The Joker shrugs. "I saw the opportunity, and I took it. I like you, you know, I honestly do. Flaws and all. I've missed you all these years. Nobody else throws me off buildings like you do."
If he ever had control of this conversation, he has lost it and then some.
He steps back. A stray bit of glass from the dropped bags crunches under his boot. Should he make some last comment, some parting shot? The Joker would just take it as encouragement. Like a playground bully, the best response is ignoring him until he goes away.
(It rarely worked that well on playground bullies, either.)
Finally he just turns and walks away. He is almost sure the Joker isn't carrying a concealed gun, and almost sure he wouldn't use it if he did, but his shoulderblades itch with that tiny remaining uncertainty until he's around a corner and out of sight.
Oh, it would be so much fun to play the old game again. Especially now that he knows Batman's watching.
(And what was it exactly about that charming little act of vandalism that caught the Bat's eye? It was the most public and obvious thing the Joker's done in a while, that's true. But as an explanation, it just doesn't - quite - feel right. Well, he has time to think about it.)
It's several hours before he comes home, carrying a large board to tape over the window frame. It'll do for now. They'll have to move anyway; as charming as that little visit was, Cindy isn't keen on a repeat.
He finds Pen trying to figure out why her helicopter won't work (she doesn't really understand batteries). She abandons this mystery to help him hold the board in place. "How was people?" she asks.
"Boring," he says. The tricky part is taping it so they can still open and close the window, but he manages it with effort and ingenuity.
"'Cause they're gonna help me with something," he says. "There." He stands back and dusts off his hands. "Window's done; now I'm going to bed."
"Mmkay, I'll make dinner first."
But he is tired, so it will be unelaborate. Tasty, but unelaborate.
Another week passes.
She draws a lot of gems in all colors, attached to all sorts of jewelry, especially bracelets like her own - like her mother's - and occasionally has moping fits, but mostly proceeds with equanimity from day to day.
Sometimes Cindy leaves the news on; Pen is interested in the concept of television but not the news in particular.
With help, she solves the helicopter mystery and it soon flies around again.
"I found us a bigger place to live! With an enormous bathtub."

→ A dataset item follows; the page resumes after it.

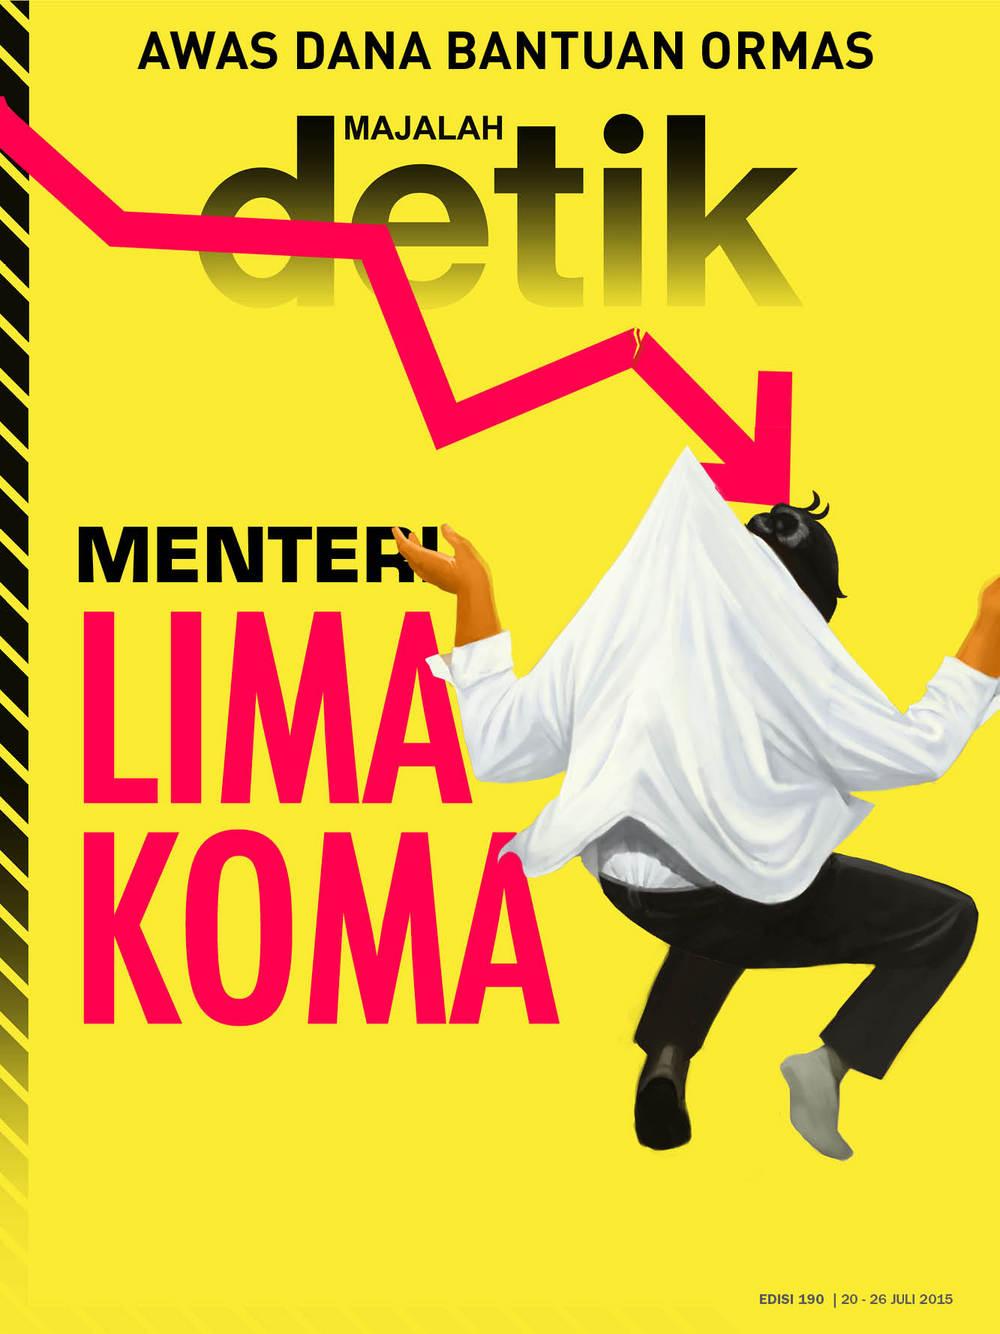 Menteri Lima Koma

"Yay!" Her wings are getting kind of dingy in the places she can't reach by hand.
Pen puts her K'nex in their box, and finds something else to put her other toys and supplies in.
The drive takes a while. When they get there, he pulls the truck around to the little parking lot behind the building and lets Pen out of the back.
"See up there," he says, pointing to the second floor, "that balcony with all the fake plants on it? That's ours."
"Yeah," he says. "Bring whatever stuff you wanna carry; I'll take the rest up a different way."
Pen takes up one of her bags, flapflapflap, and she makes a rather neat landing on the balcony and tries the window.
Inside, there is a very large living room adjoining a very large kitchen, with a hallway just to her left leading to an oddly constructed bedroom. In the bedroom, past an assortment of desks and a very large walk-in closet lined with wardrobes on both sides, there is the bathroom containing the promised bathtub.
While she is exploring, the Joker ferries boxes in the front door, then starts unpacking them. His sewing equipment sprawls across the assortment of desks in the bedroom's bizarre anteroom; clothes find their way into wardrobes; the music and books pile up next to one of the numerous couches. Various weaponry gets tucked away in closets and drawers.
Eventually Pen has observed all of the rooms, and then she tries to figure out the plumbing. She thought she had Earth taps down, but apparently they vary, residence to residence.